Ketua Badan Kerja Sama (BKS) LPD Provinsi Bali Nyoman Cendikiawan mengakui, pandemi telah membuka mata hati sekaligus memberikan ‘pelajaran’ sangat berharga bagi seluruh komponen masyarakat, tak terkecuali pengelola LPD. Pelajaran dimaksud, siapa pun mesti membuka hati dan pikiran bahwa dinamika dunia usaha, termasuk LPD, tak selalu linier dengan apa yang direncanakan secara matang. Karena ada faktor eksternal, seperti bencana pandemi yang tidak terduga memberikan tantangan bahkan ancaman baru dalam operasional usaha. Pandemi juga memberikan pelajaran bahwa perlu sikap mewas diri terhadap kondisi ke depan dan tidak terbayangkan sebelumnya. ‘’Sedapat mungkin setiap pengelola LPD dan pihak terkait di dalamnya agar selalu bersiap diri menghadapi segala kemungkinan yang akan terjadi,’’ jelas Ketua LPD Desa Adat Talepud, Desa Sebatu, Kecamatan Tegallalang, Gianyar ini.
Dia menyebutkan, siapa pun tak boleh hanyut, apalagi termakan oleh kondisi bancana tersebut. Lebih-lebih, kasus pandemi sudah menurun bahkan nyaris ke titik nol persen konfirmasi positif. Keadaan ini pula disambut menjadi semangat baru untuk merecovery atau memulihkan kondisi soisial ekonomi masyarakat. Terkait ‘pasca Covid-19’ ini, Nyoman Cendikiawan melalui BKS LPD Provinsi Bali telah merapatkan barisan untuk mengaplikasikan strategi baru serangkaian upaya penguatan daya operasioal LPD.

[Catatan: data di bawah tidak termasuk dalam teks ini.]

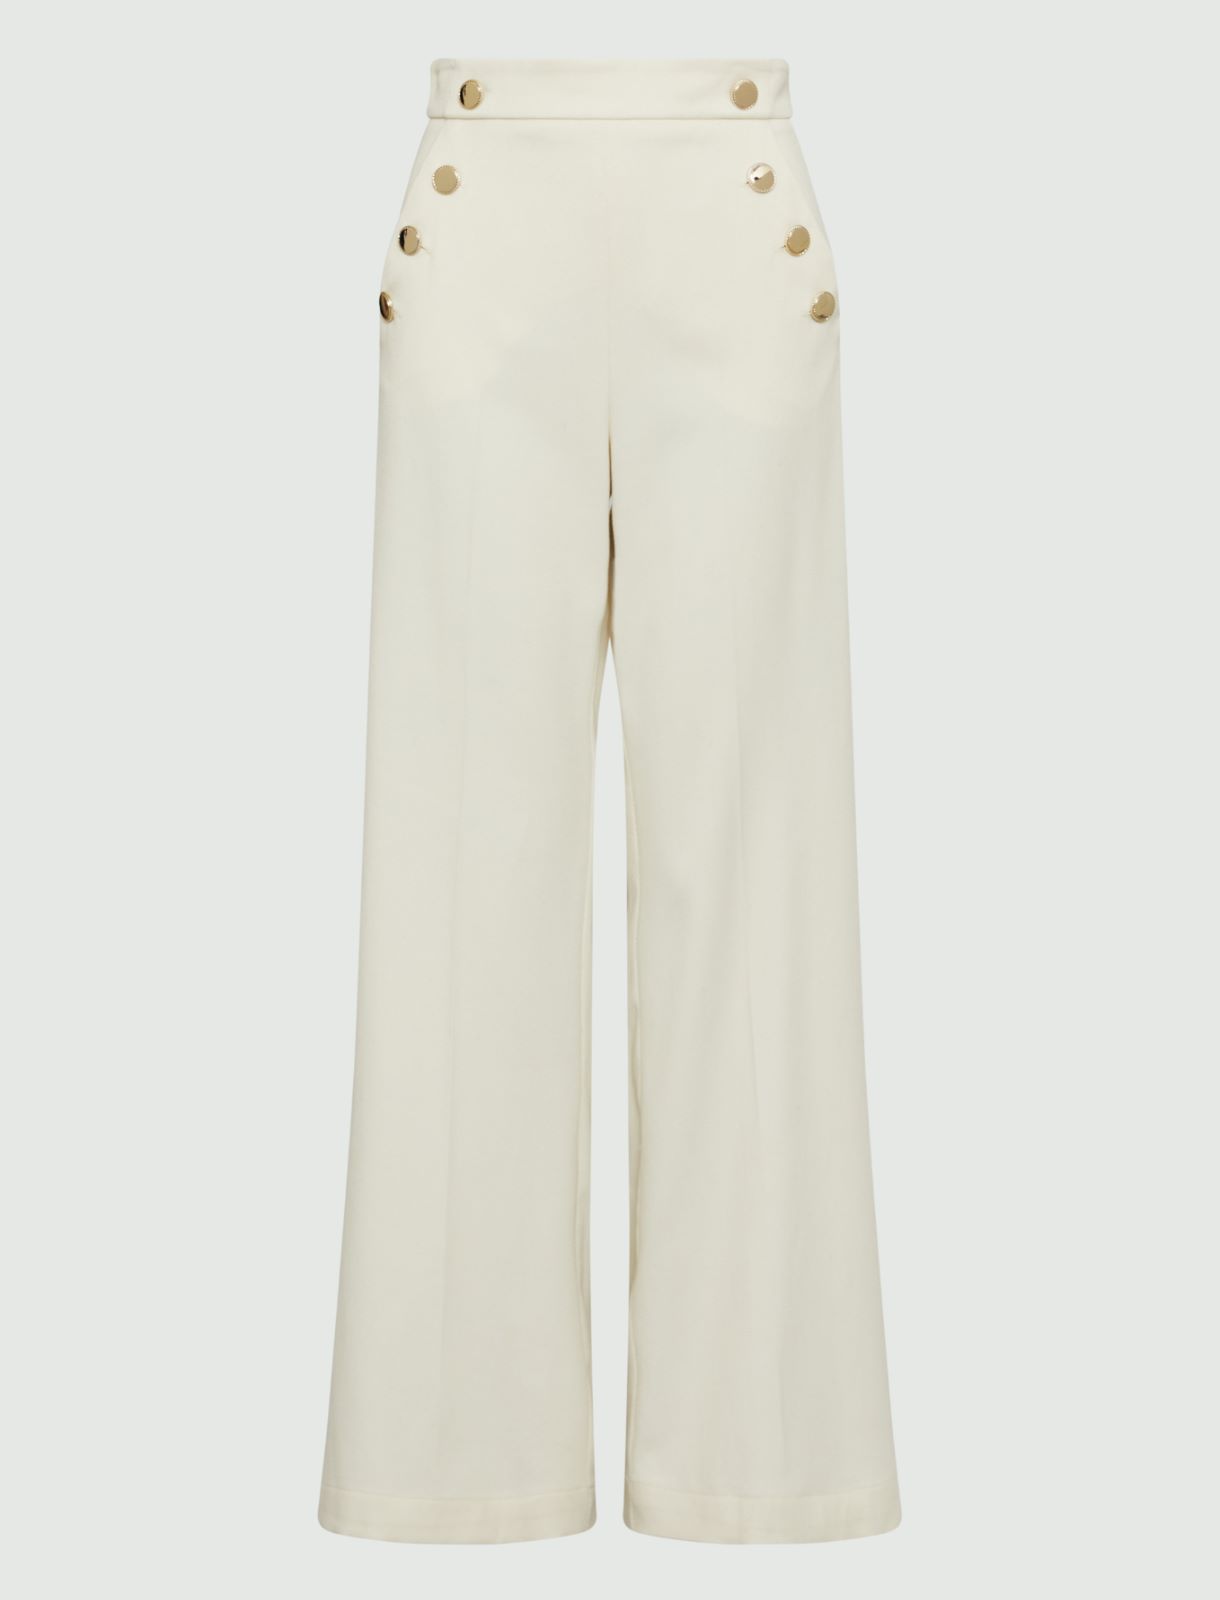 Plt Label Cream Woven Wide Leg Tailored Trousers  PrettyLittleThing
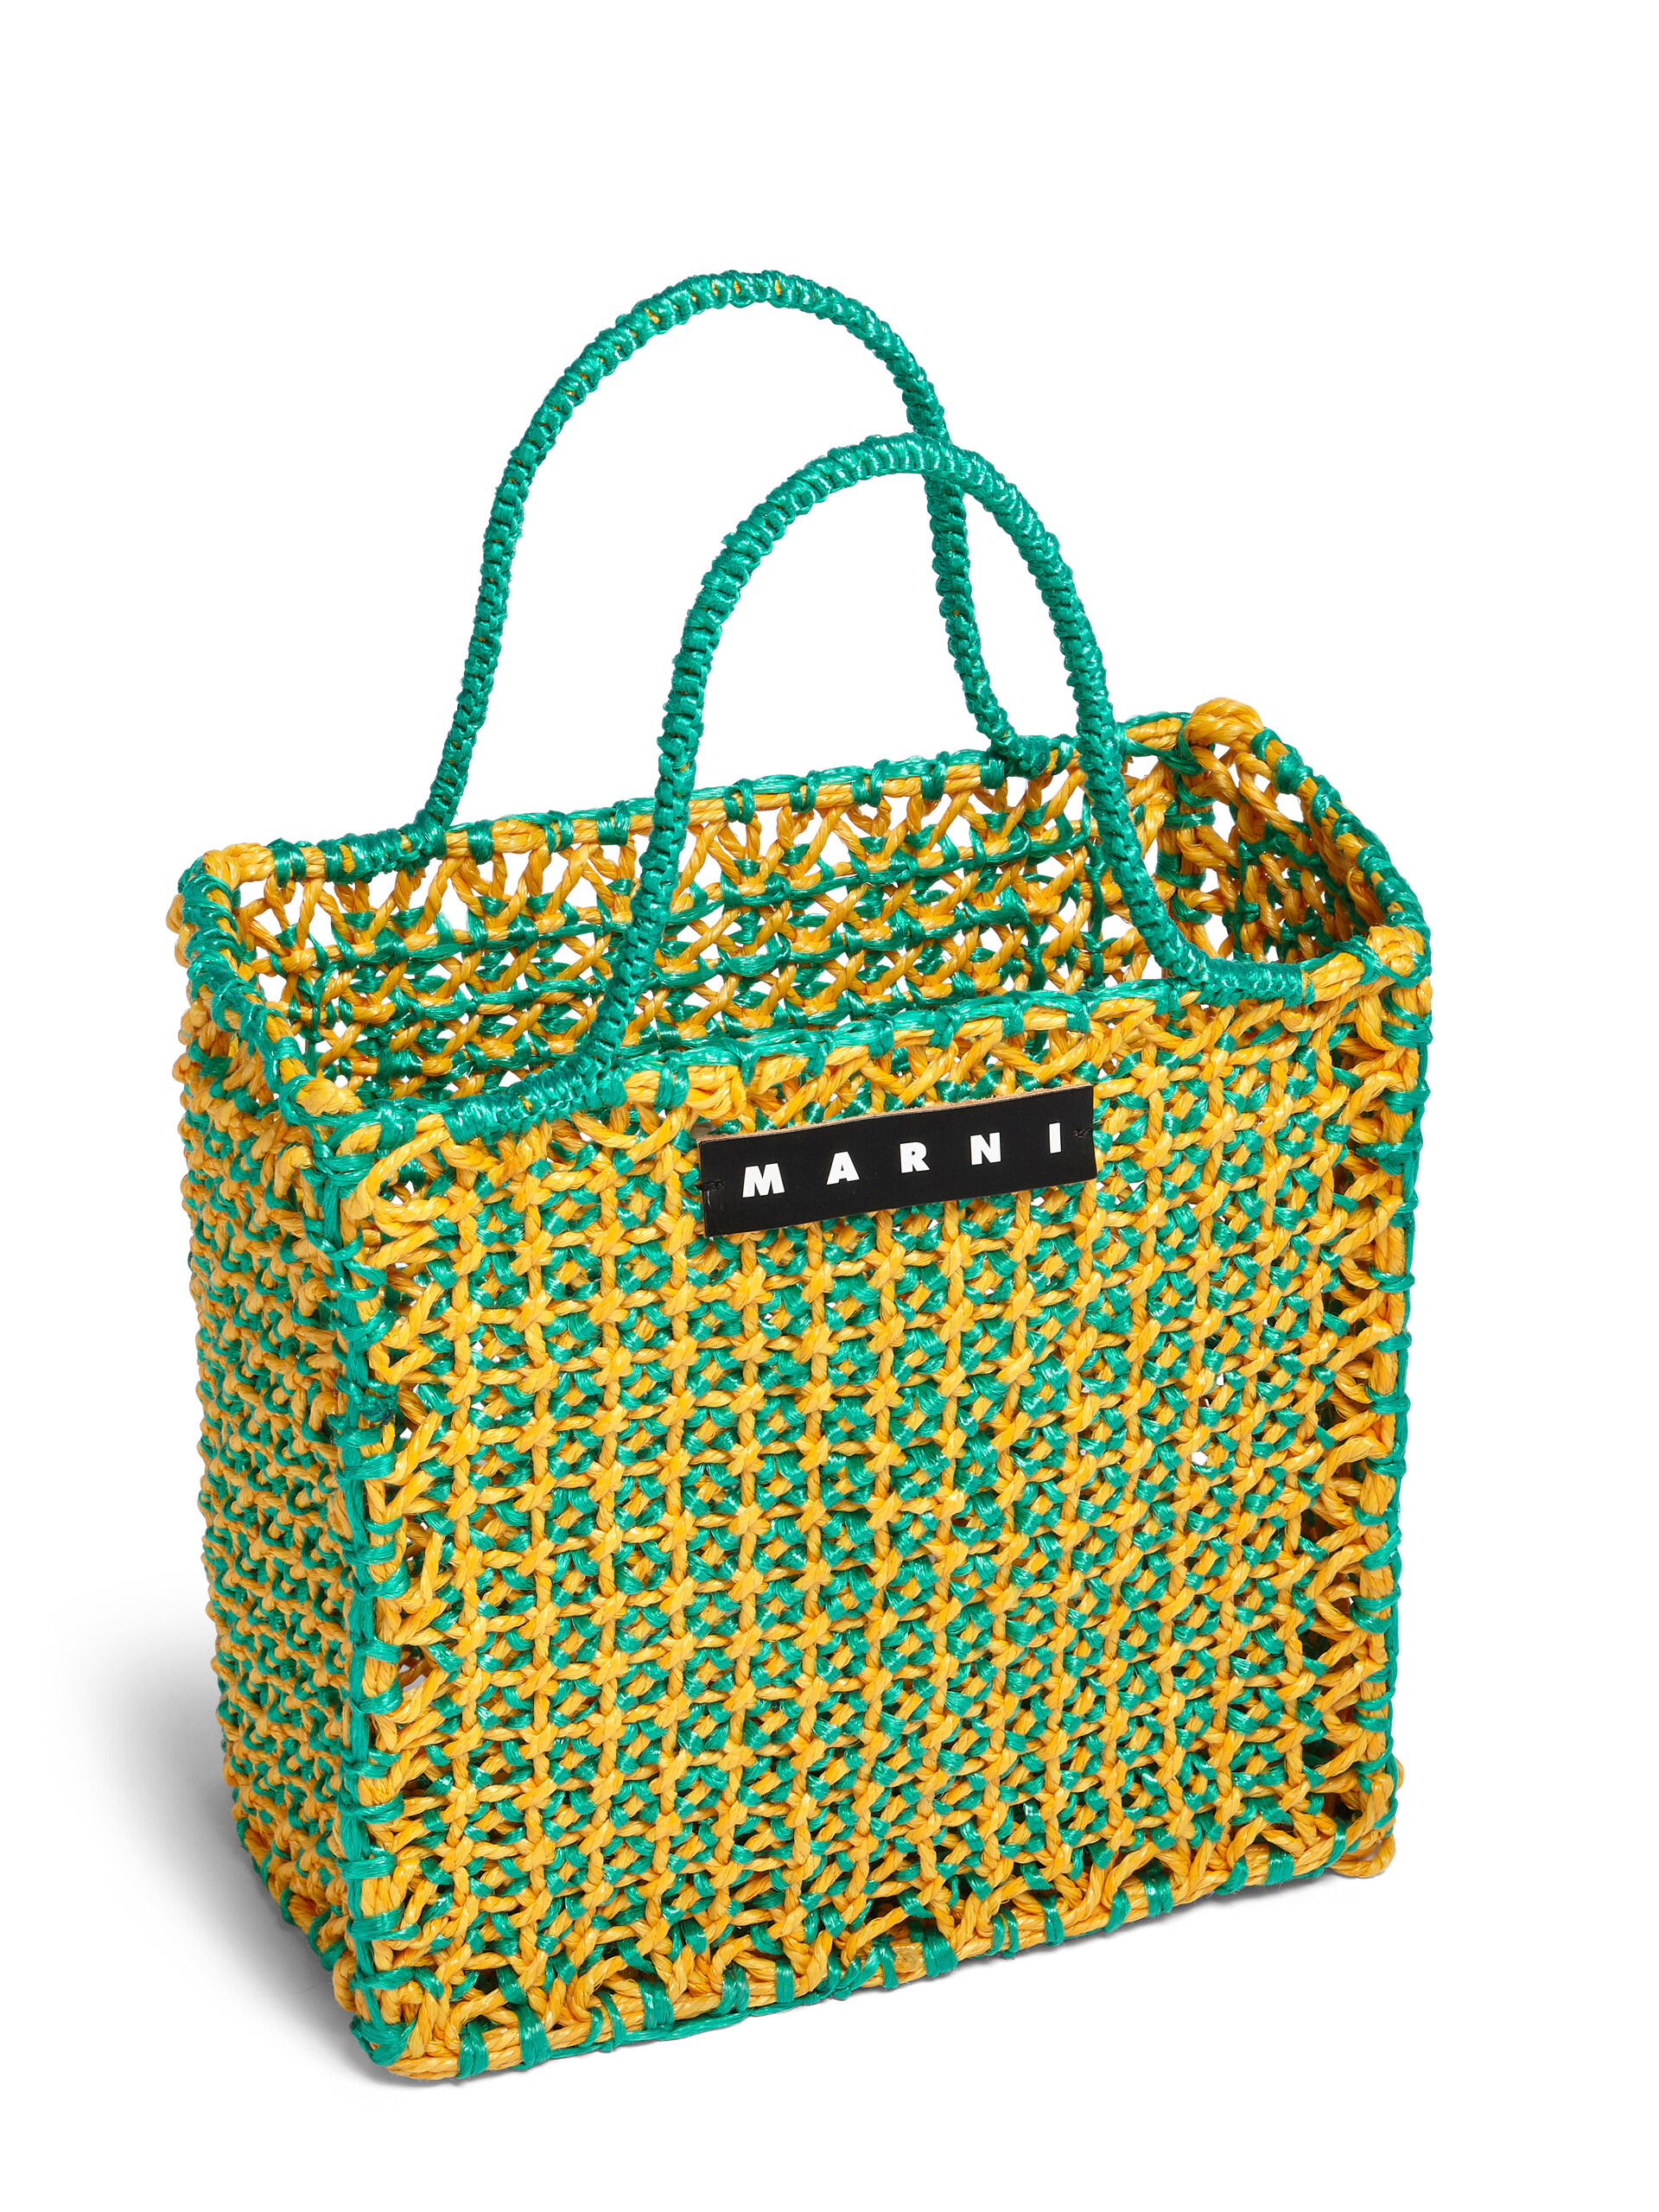 MARNI MARKET large bag in green and yellow crochet - Bags - Image 4

Beberapa langkah yang telah dan sedang diambil, antara lain, khususnya dalam hal penyelesaian kredit tersendat, dengan strategi tiga re. Pertama, rescheduling atau penjadwalan ulang penagihan cicilan. Upaya ini amat penting karena utang tak mungkin tak ditagih, hangus, atau diputihkan. Kedua, reconditioning atau persyaratan ulang, dengan mengubah seluruh atau sebagian perjanjian antara LPD dan nasabah agar nasabah dapat melunasi kewajibannya. Caranya, memberikan toleransi pembayaran hanya bunga pinjaman dalam kurun waktu tertentu, hingga kondisi keuangan nasabah makin pulih. Ketiga, restructuring atau penataan ulang, antara lain dengan penurunan suka bunga kredit, perpanjangan tahap waktu pengembalian kredit, dan lainnya. Tiga re ini mesti dilakukan agar pembayaran utang LPD melalui pelelangan atau penjualan barang jaminan, jika ada, dapat terhindarkan.
Strategi tersebut wajib agar LPD bisa beroperasi maksimal. Pengelola LPD wjaib memperkuat sejumlah substansi, yakni
meningatkan kompetensi pengurus, karyawan, dan pengawas. Setiap pengelola LPD wajib untuk menjaga kondusivitas operasional dan likuiditas, melalui sinergi harmonis dengan LPD tetangga. Operasional LPD agar tetap mengacu pada semangat yang smart, berlandaskaan analisis swot (strengths/kekuatan, weaknesses/kelemahan, opportunities/peluang, dan threats/ancaman).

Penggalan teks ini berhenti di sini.